“I’m tired. I’ve done enough. I guess I’ll stop work right here, and rest awhile.” That was what the river said, as it hurried on to join the sea. And so the river merely poured into the ocean the water it already contained, and gathered up no more from the upland fields and the lowland valleys. It wasn’t many days, as you may well imagine, before the river was entirely dry. Indeed, there was no longer any river at all. When the river ceased getting fresh water, that was an end of it.

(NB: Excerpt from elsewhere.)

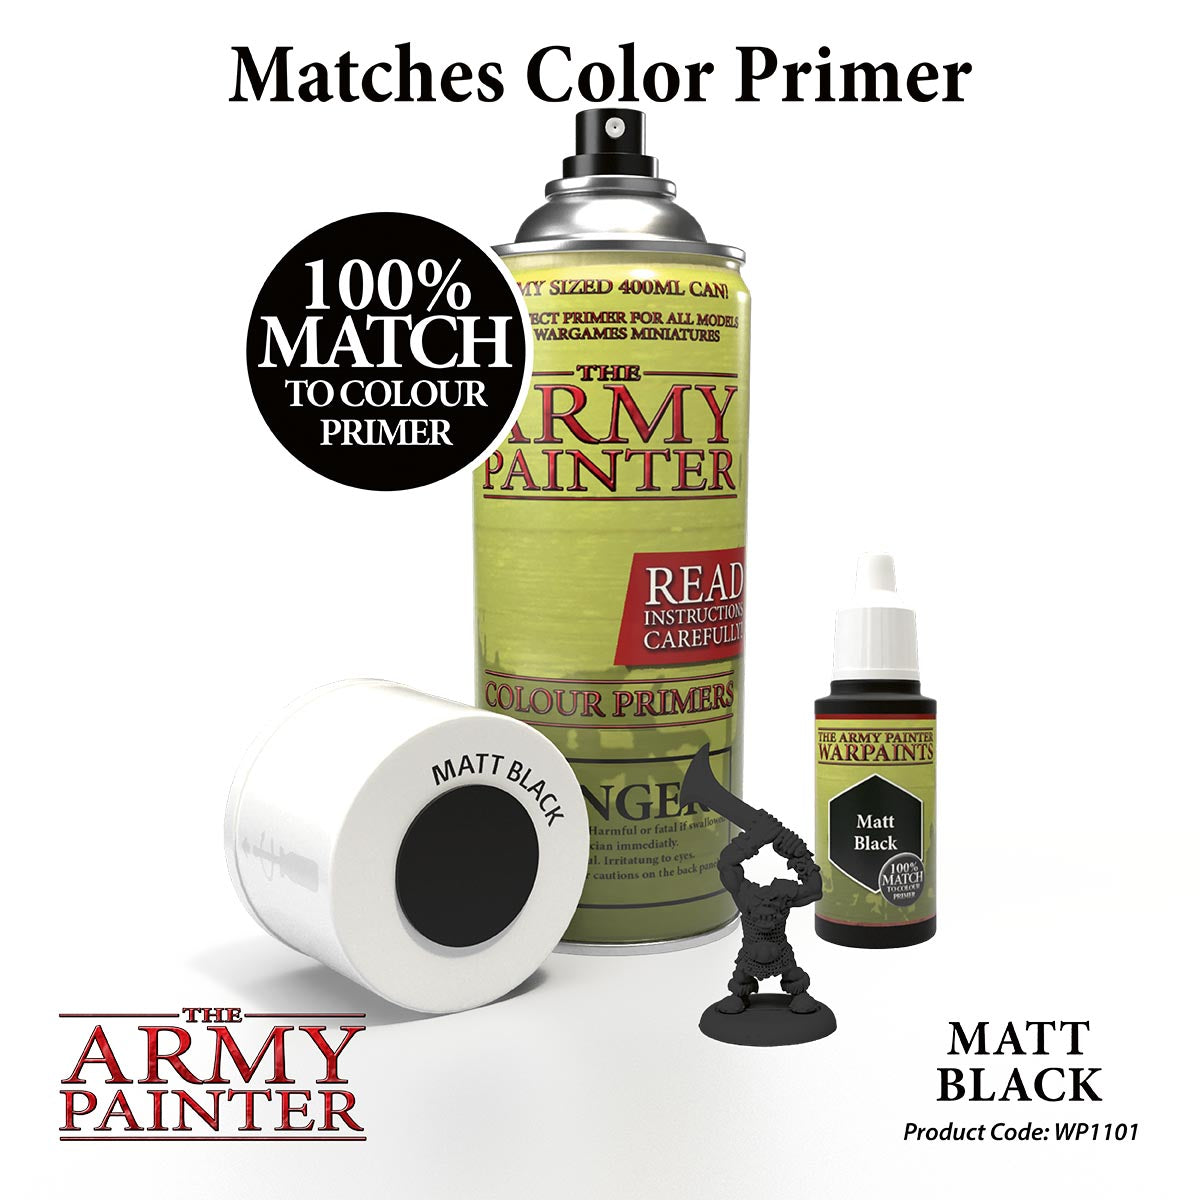 WP1102 Matt Black Army Painter Acrylic Warpaints Matching Spray Primer

“I’m tired. I’ve surely done enough.” That was what the tree said. “I’m tall enough. I have enough leaves and enough branches. Guess I’ll stop work.” So the tree sent out no more buds and no more leaves, and made no new layer of bark, and called down to the roots that they need not send up any more sap. But any of you children that know about a tree can guess what happened. As soon as the tree stopped growing, it began to die. First the top withered, then the branches fell off, and the trunk became hollow, and at last the storm blew it over.
“I’m tired. I guess I have done enough.” What if the great sun in the sky should say that? It might say it, if it followed the example of some children I know. Do you think that all the heat of all the summers the world has known would warm you, then, during the coming summer? No; God knows that to keep the world warm his sun must send out fresh rays all the time without a moment’s pause.
And that is why, children, the older folks are always urging you to begin some new thing for Christ. It is because when we cease to take up fresh work, and cease to use the powers and the life God has given us, those powers rapidly pass away, and the life changes to death, just as it would in the case of the river and the tree and the sun, if they decided that they had done enough, and must stop.